Disabling DelegateFSGroupToCSIDriver worked perfectly for me btw. Thank you so much!
How to disable DelegateFSGroupToCSIDriver on a existing cluster?
https://kubernetes.io/docs/reference/command-line-tools-reference/feature-gates/
@Ryanznoco Hi, it depends on what Kubernetes distribution you use but you need to look up "feature gate"
https://kubernetes.io/docs/reference/command-line-tools-reference/feature-gates/
It is not working for me. I added "--feature-gates=DelegateFSGroupToCSIDriver=false" into the api-server manifest, after re-deploy completely, my redis pod still occurs "Permission denied" error. My kubernetes version is 1.23.10.
You need to add the Feature Gate to every kubelet config for your cluster, since this is a kubelet gate, not an api server one. Depending on your installation method, there might be an easier way of changing the kubelet config
Sorry I don't know how to do this. Can I delete the line csi.NodeServiceCapability_RPC_VOLUME_MOUNT_GROUP, in source code and recompile and install csi dirver?
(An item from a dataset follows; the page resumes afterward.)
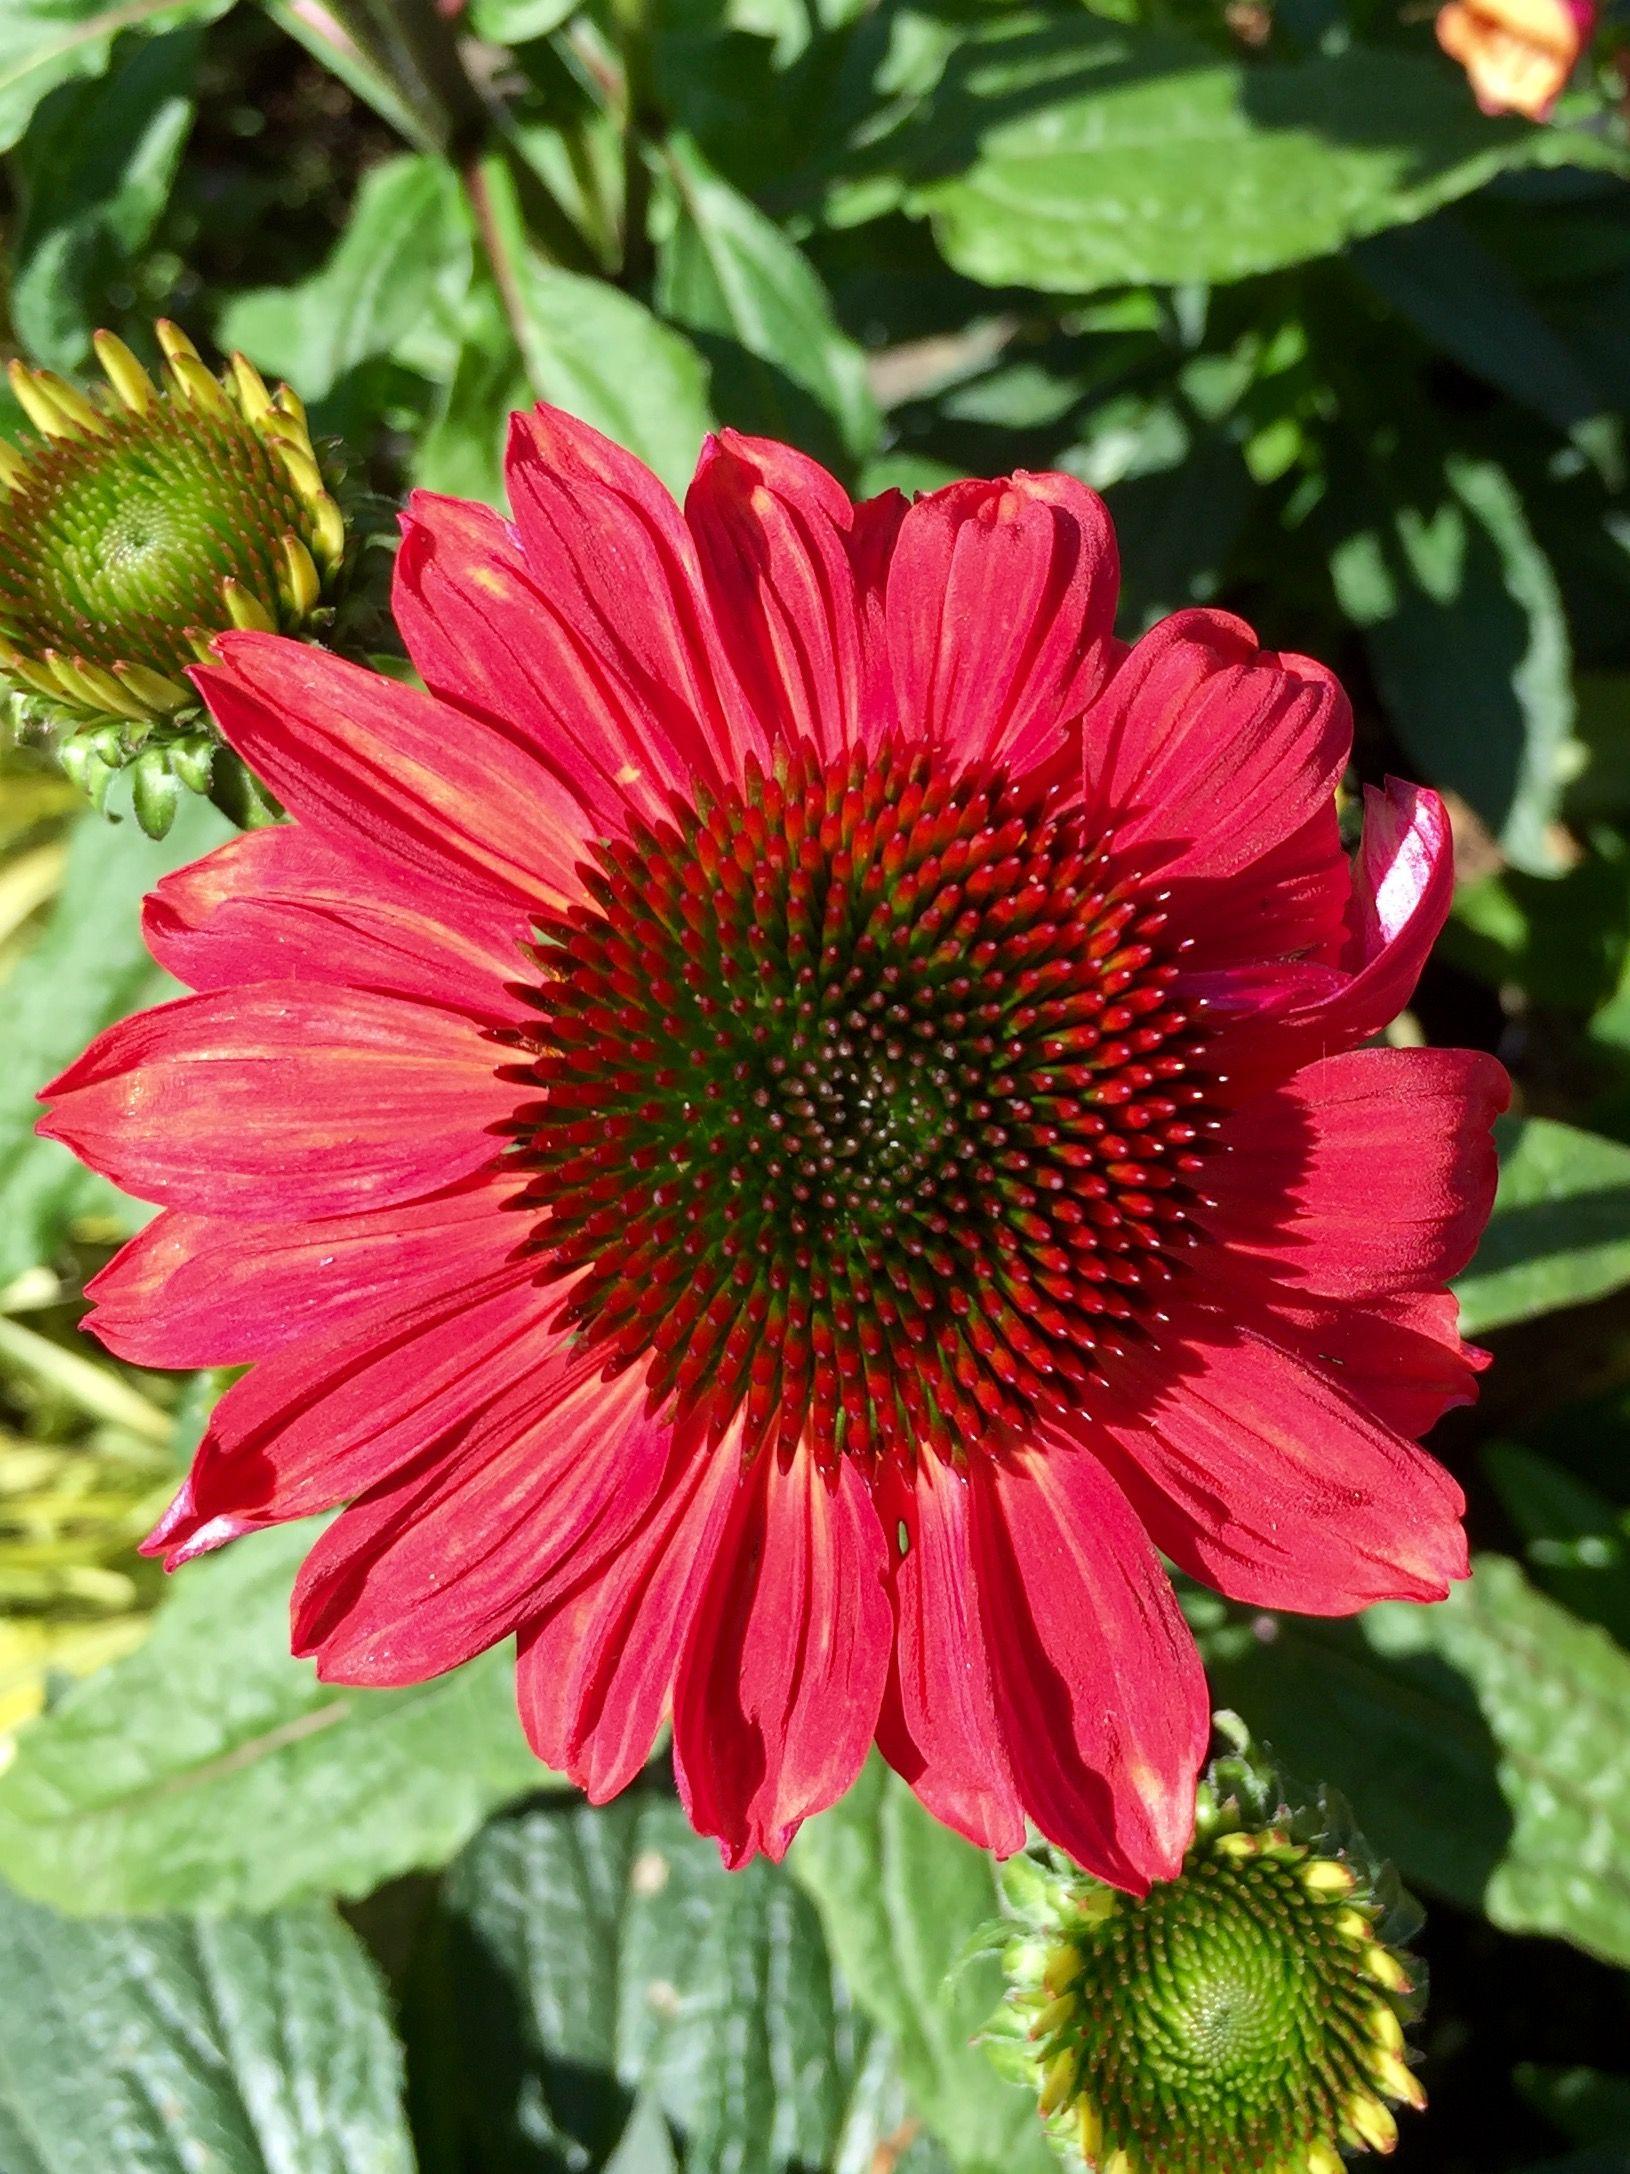 Sombrero Baja Burgundy Echinacea Roger S Gardens Springfield Or Rogers Gardens Echinacea Beautiful

That would be, like, a lot more work than disabling the feature gate.
Please read the whole message, before proceeding
There are a few ways of doing that, manually should work most of the time, other approaches depend on your installation.
Manually
If you have K8s installed locally, on VMs, or any other way, where your installation isn't managed by a cloud provider, you can:
- Go to one of your nodes
- Find the kubelet process (pid)
ps -ef | grep /usr/bin/kubelet - Find the command line
cat /proc/<pid>/cmdline - Find the path of the kubelet config. That is the path after
--config=(That is probably going to be /var/lib/kubelet/config.yaml) - In that file, you can add:
featureGates:
DelegateFSGroupToCSIDriver: false
- Restart the kubelet service (systemctl restart kubelet)
- Congrats, you just disabled a feature gate in the kubelet. Now repeat 5. & .6 on all other worker nodes.
kubeadm
kubeadm keeps the current kubelet config in a configmap on the cluster in the kube-system namespace, called kubelet-config.
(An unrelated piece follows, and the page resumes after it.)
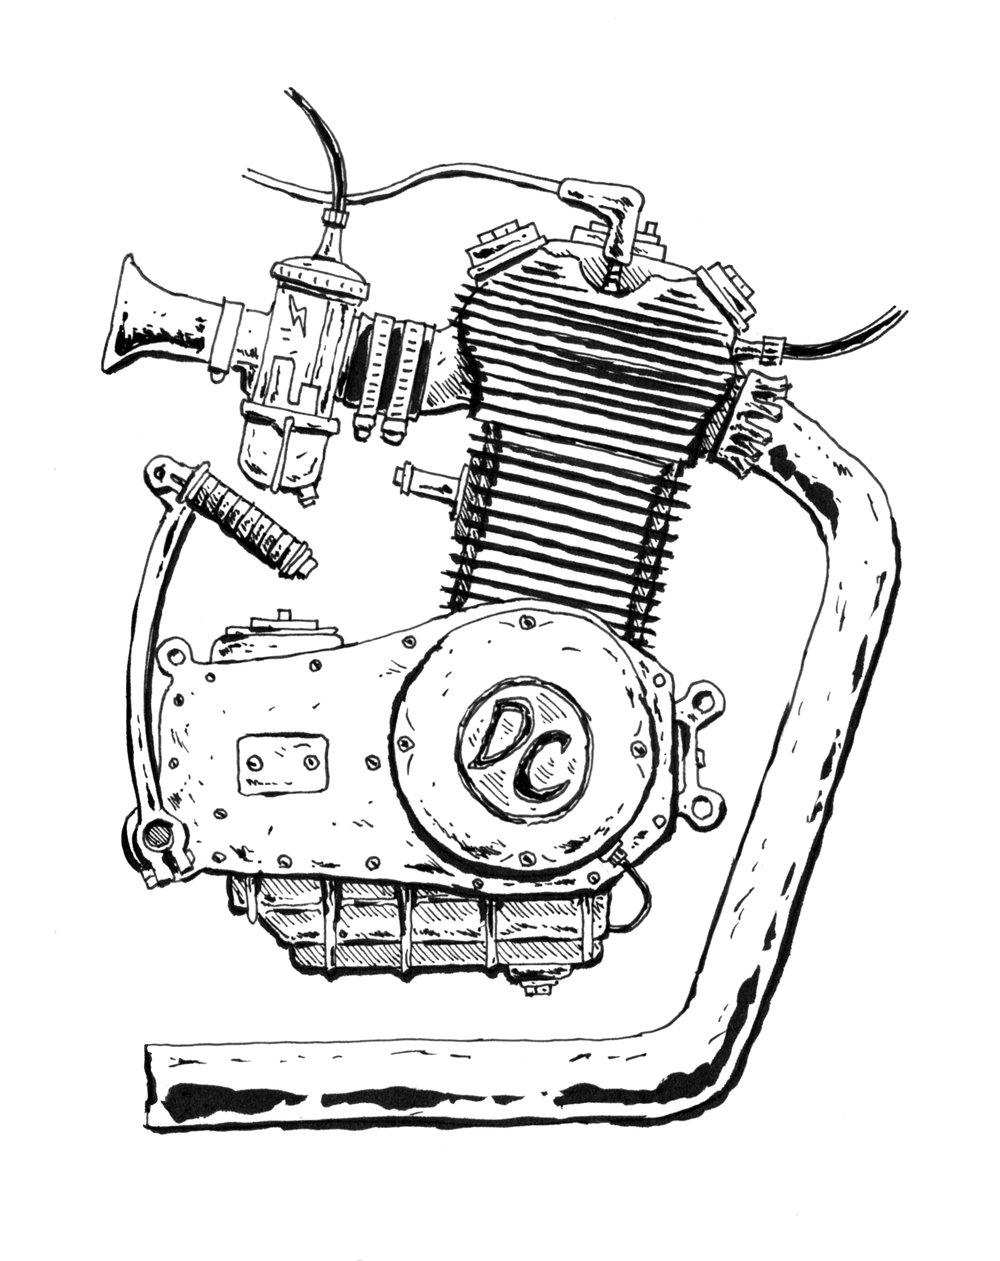 DC_Engine.jpg

You can find the whole process well documented here. It works pretty much the same as the manual doing.
talos linux
Just putting that one in here, since I am working with that right now:
In your worker configuration, add the feature gates, you want to en/disable like depicted in their docs here.
Others
For other installation methods, you'll have to consult their respective docs on how to disable kubelet feature gates.
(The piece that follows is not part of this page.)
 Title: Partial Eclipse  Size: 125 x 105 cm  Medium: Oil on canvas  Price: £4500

But yes, you could probably also remove this capability, recompile, rebuild the image and patch your deployment, but no guaranty on that.
At this point, I might as well open a PR for this issue. We'll see.
Hope this helps you and you get the driver running correctly. Let me now how it went, I'm invested now 😆
@schoeppi5 Thank you for your help. I solved it by modifying the source code. I also tried modifying the kubeadm configmap, but it still doesn't work. Looking forward to the new release with your PR. @inductor And thank you too.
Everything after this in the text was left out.